Currently, we are a little loose with the way we organize our "public" apis'. For example, in hydrotools's metrics subpackage, a user must do the following to access the "public" functions:

from hydrotools.metrics import metrics

mean_se = metrics.mean_squared_error(...)

This can lead to confusion when "non-public" methods are exposed in subpackage submodules alongside "public" methods:

from hydrotools.events.event_detection import decomposition as ev

# likely incorrect api call
events = ev.event_boundaries(...)

The aforementioned user story is from @Castronova's experience (please chime in with further context as you see fit).

This movement to flatter python package structures is apparent in many large python libraries (e.g. pandas). With this in mind, my point is not to just copy what others are doing even if these practices are becoming idiomatic. Instead, I would like to talk about the pros and cons of moving towards flattening subpackage structures to expose api's at the subpackage level.
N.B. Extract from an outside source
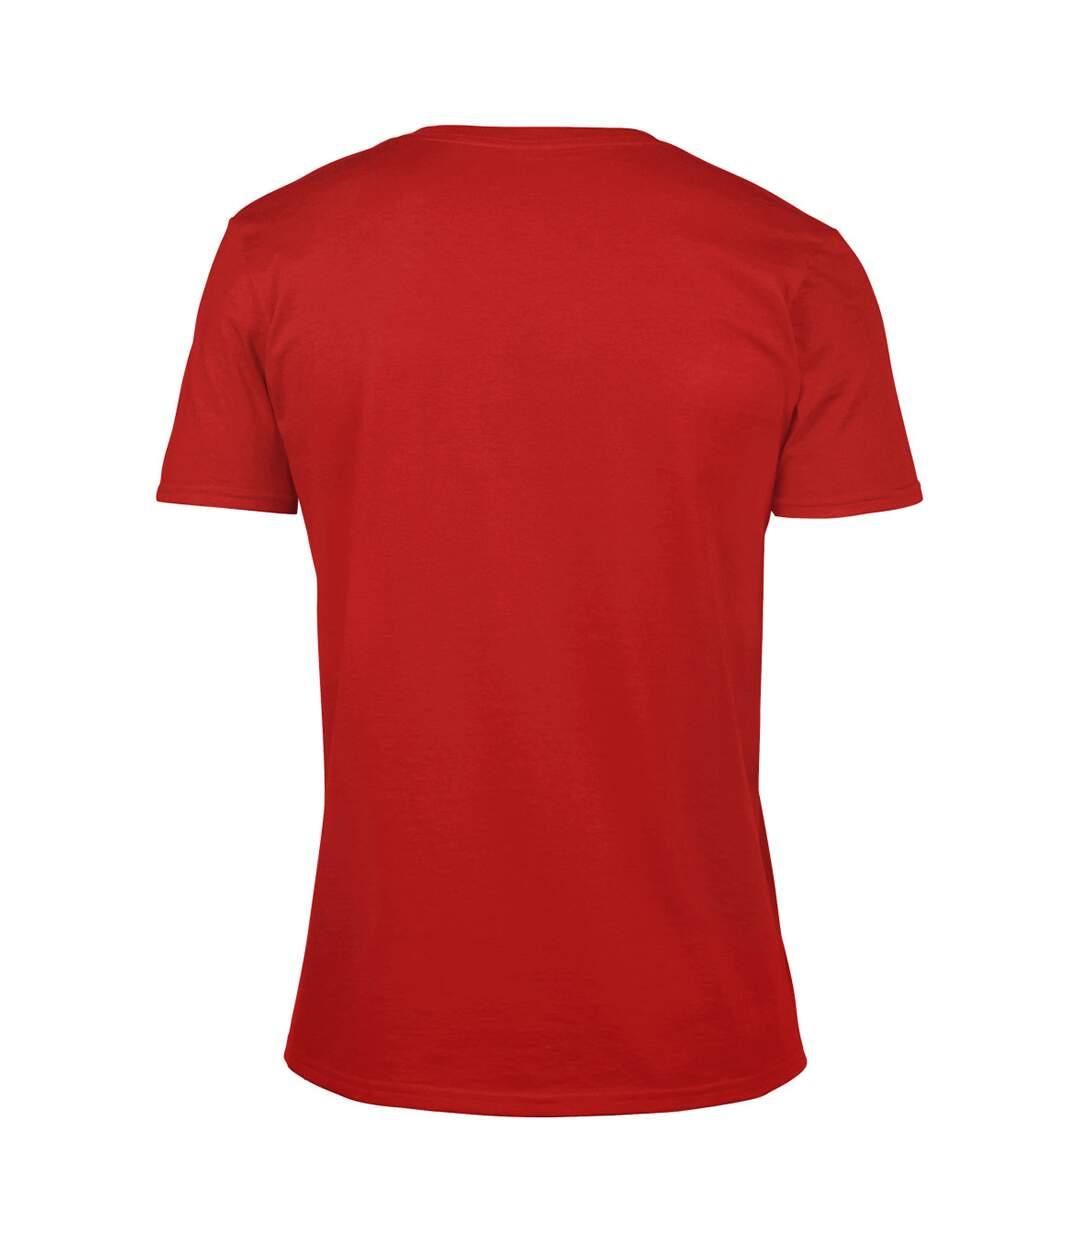 Gildan Mens Soft Style V-Neck Short Sleeve T-Shirt (Red) - UTBC490

Given our scientific audience, I want to avoid introducing ambiguity into what someone might infer a method does. For example:

from hydrotools import events as ev

# This is ambiguous about the method of event detection being used.
events = ev.event_detection(...)

the above code snippet is not clear enough IMO. However, I think there is a middle ground where we adhere to scientific integrity and maximize usability.

from hydrotools import events as ev

# I think this toes the line between specificity and usability well
events = ev.decomposition(...)

Much of what I am trying to describe sklearn concretizes in their package layout. There is an initial categorization in their subpackage structure (this mirrors ours) with the majority of "public" methods being exposed in a flat structure at the subpackage level.
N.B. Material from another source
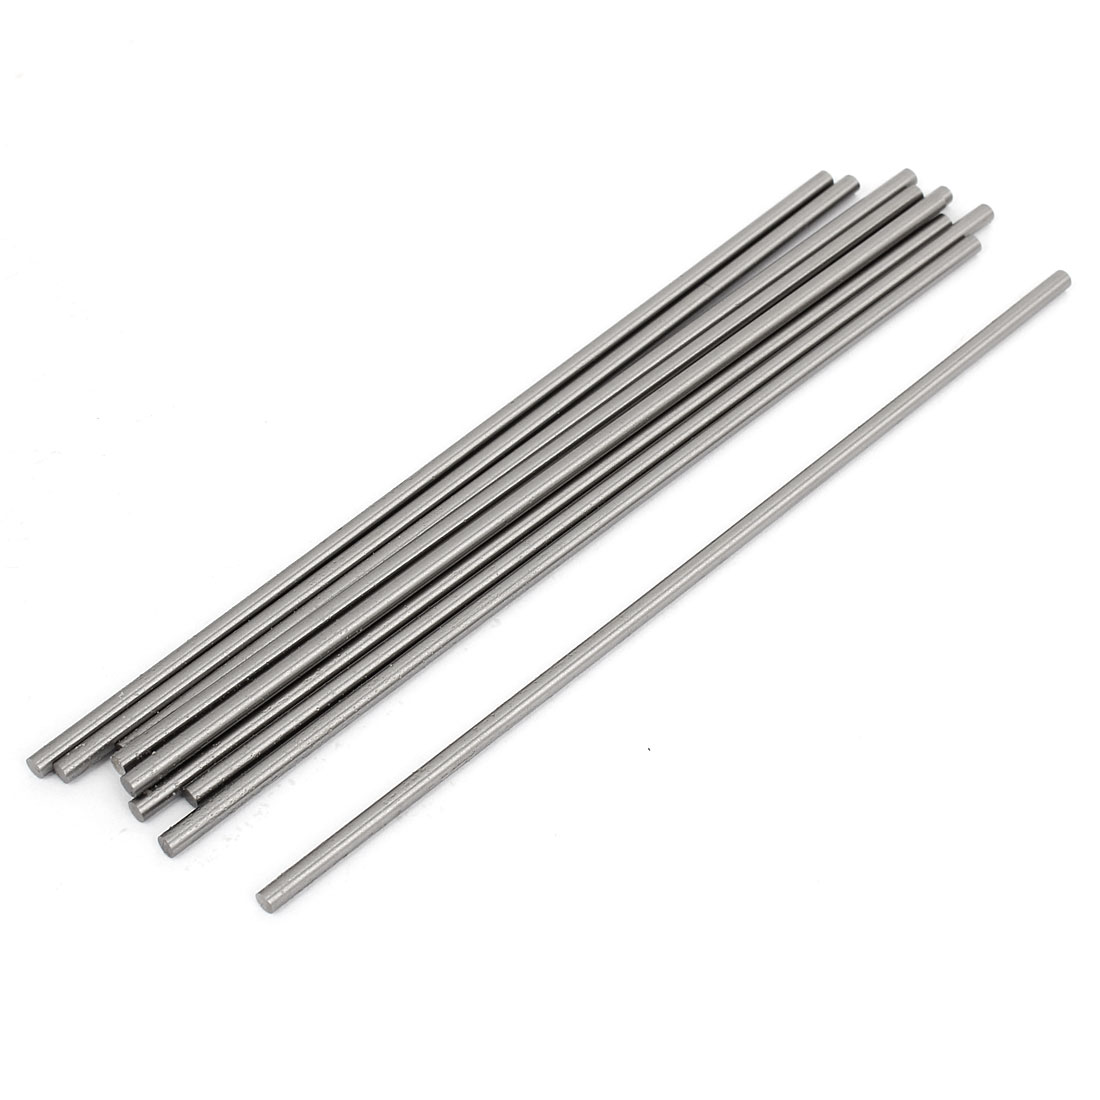 10pcs HSS High Speed Steel Round Turning Lathe Bars 3mm x 150mm

I don't want to talk implementation detail (yet, if required), but instead I'd rather hear what others think and where you all deem it appropriate and inappropriate. Im looking forward to hearing your thoughts.

Pinging a few people who might want to provide feedback (@jarq6c, @hellkite500, @christophertubbs, @amaes3owp, @ZacharyWills, @jameshalgren)

aaraney commented 2 years ago

related to #141

jarq6c commented 2 years ago

This is a bit too abstract for me and could use more concrete examples (ha!). It seems we could be discussing multiple related issues. I generally agree flat package structures are better than deep. But as it pertains to public and private APIs, I'm not clear on the distinction. Is event_boundaries a public or a private API? I'm not sure.

If the issue is that hydrotools.events is too deeply nested, this seems like a architecture and style (pattern) issue as much as an interface issue. Were I to right that package today, I might use a strategy pattern via some kind of hydrotools.events.EventDetector abstract class. That seems flatter. Is that that what you meant?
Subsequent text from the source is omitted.